Yeah well you'll never know until you do it yourself. I can tell from my own experience that it helps. It also cannot be reproduced by solving the cube a few hundred times. If plastic wore down that fast I should have an overmodded and unusable 4x4, because I have done close to 1000 solves after the mod. Overmodding is a bad job, it does not in any way represent what a good mod does to a cube. If someone says that konstamodding a V5 breaks the cube, they have overmodded it.



rj said:


> That's your _opinion_, not a fact. Breaking in has the same effect.


Actually it is all about how much the plastic there is on the pieces. If there is too much, it locks up. If there is too little, it breaks. If there is the right amount the cube performs well. It has nothing to do with opinions, it has to do with how the pieces move around the mechanism. This is not about the feeling of the cube; Its about modding the cube to avoid lockups. This is why people mod cubes. Not for the placebo, but for the result. This is why cube-o-holic according to his own words has bought atleast 2 modded cubes. I base my results on testing, not on how it feels.

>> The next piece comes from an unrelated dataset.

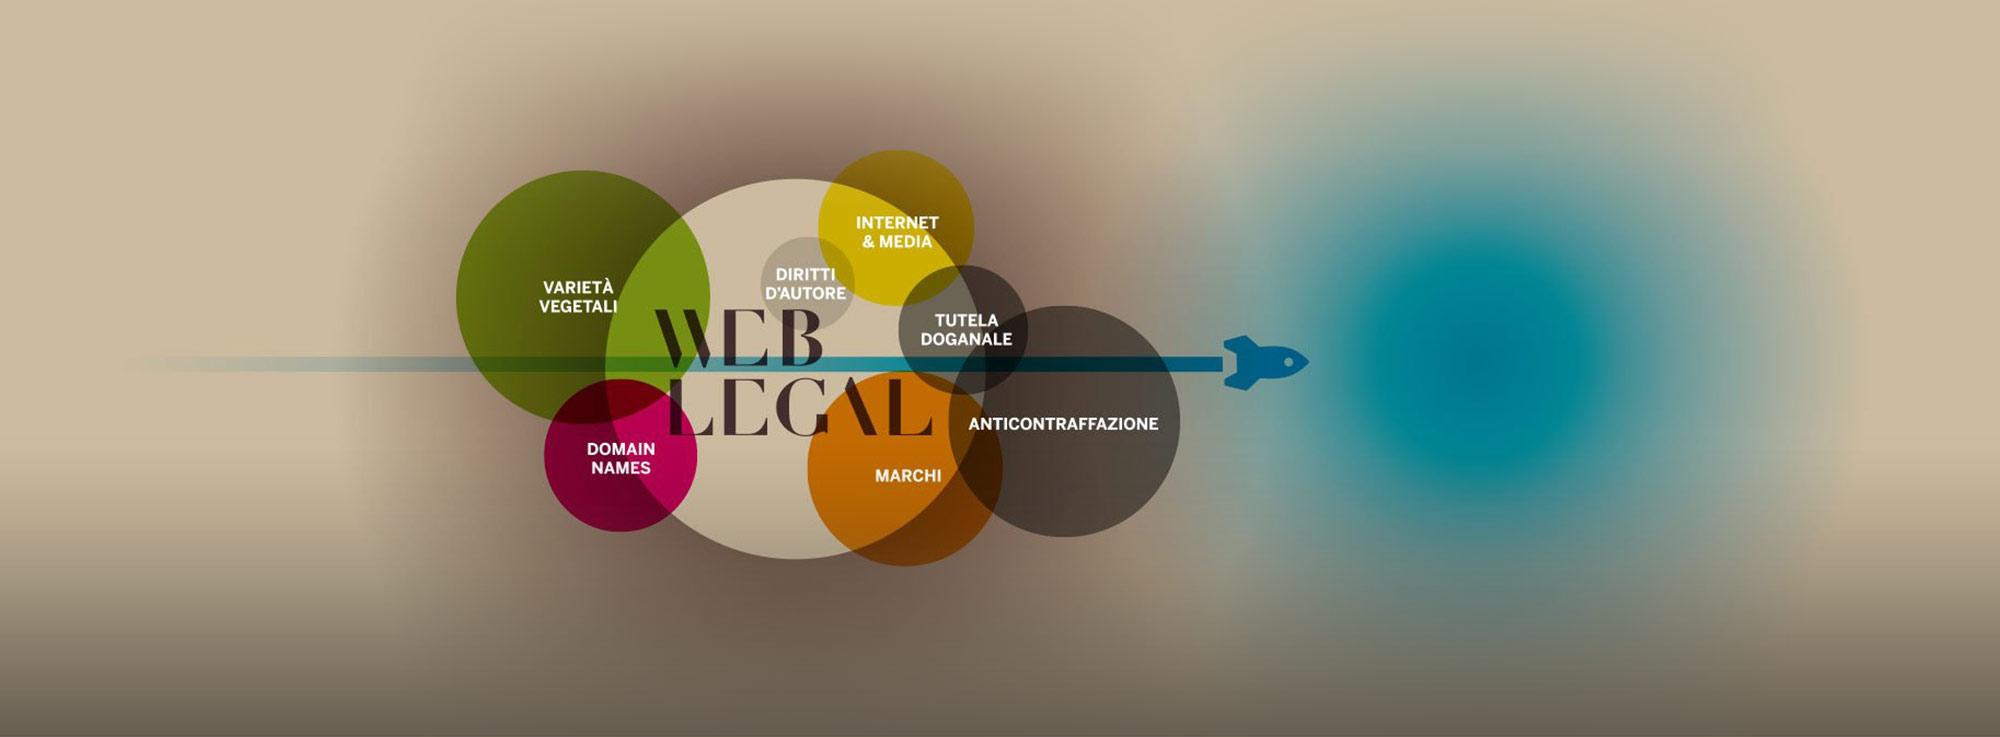 WebLegal Barletta
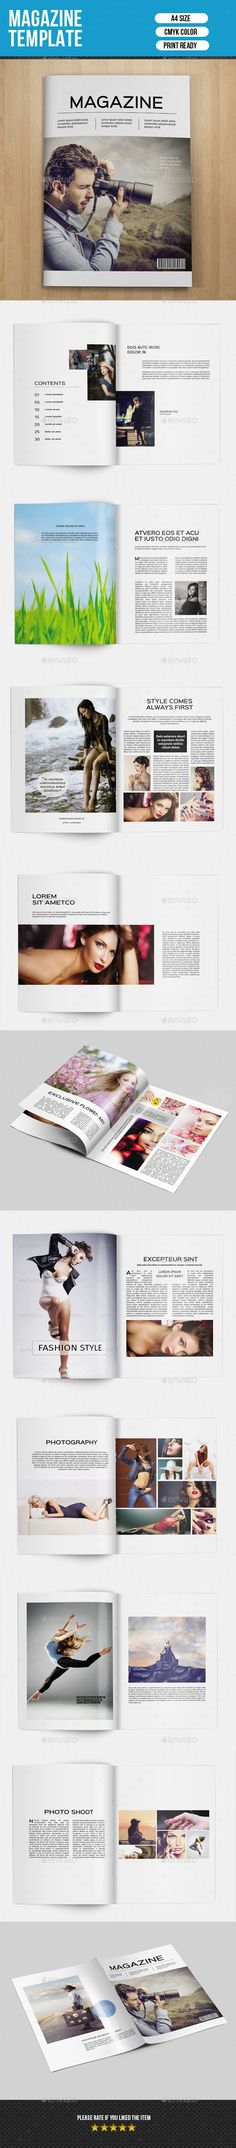 Minimal #Magazine Template-V01 - Magazines Print #Templates Download here: https://graphicriver.net/item/minimal-magazine-templatev01/9291042?ref=alena994

[youtube]v=XDmnaHI8gY4[/youtube]


Also all of your arguments have actually backed up my initial statement, hope you realized that.


----------



## Ninja Storm (Sep 24, 2013)

cube-o-holic said:


> Not to mention the placebo effect from taking a cube apart, spending 30 mins working on it, then putting it back together. Adds up to a belief in a 'better' cube.



I feel like the most improvement, in that case, is from the fact that people usually lube their cube when they mod it.


----------



## KongShou (Sep 24, 2013)

windhero said:


> Also all of your arguments have actually backed up my initial statement, hope you realized that.



how


----------



## windhero (Sep 24, 2013)

KongShou said:


> how



If the you do not even need to konsta mod the V5, then its a great cube out of the box for 8 dollars. Which makes it that much harder to beat. Which is why price matters.


----------



## mark49152 (Sep 24, 2013)

I earn a fair amount per hour, but I'm not going to earn any extra by not spending 3 hours modding. Besides which, modding is fun, even if it doesn't really improve the cube, and it brightens up my last 3 hours at work to think about the modding I'm about to do unpaid at home. Just my useless 2 cents there (which is about the value of a modded internal edge).


----------



## kcl (Sep 25, 2013)

windhero said:


> If the you do not even need to konsta mod the V5, then its a great cube out of the box for 8 dollars. Which makes it that much harder to beat. Which is why price matters.



But if the cube is better, do we care? People are lazy. Why use more effort when it's not necessary? It's called efficiency. So if we can get a better cube, for only *insert dollar value, I'll guess $10 more*, why would we not pick to pay the extra $10 and not have to waste hours of our lives? If paying $10 more will give you a better cube than modding one for hours, it's honestly a no brainer.

In all honesty, let's get real here. You people started a flame war over a cube you haven't tried yet, and don't even know the price range. Really? 

I'm done. 
-Kennan


----------



## ~Adam~ (Sep 25, 2013)

windhero said:


> If the you do not even need to konsta mod the V5, then its a great cube out of the box for 8 dollars. Which makes it that much harder to beat. Which is why price matters.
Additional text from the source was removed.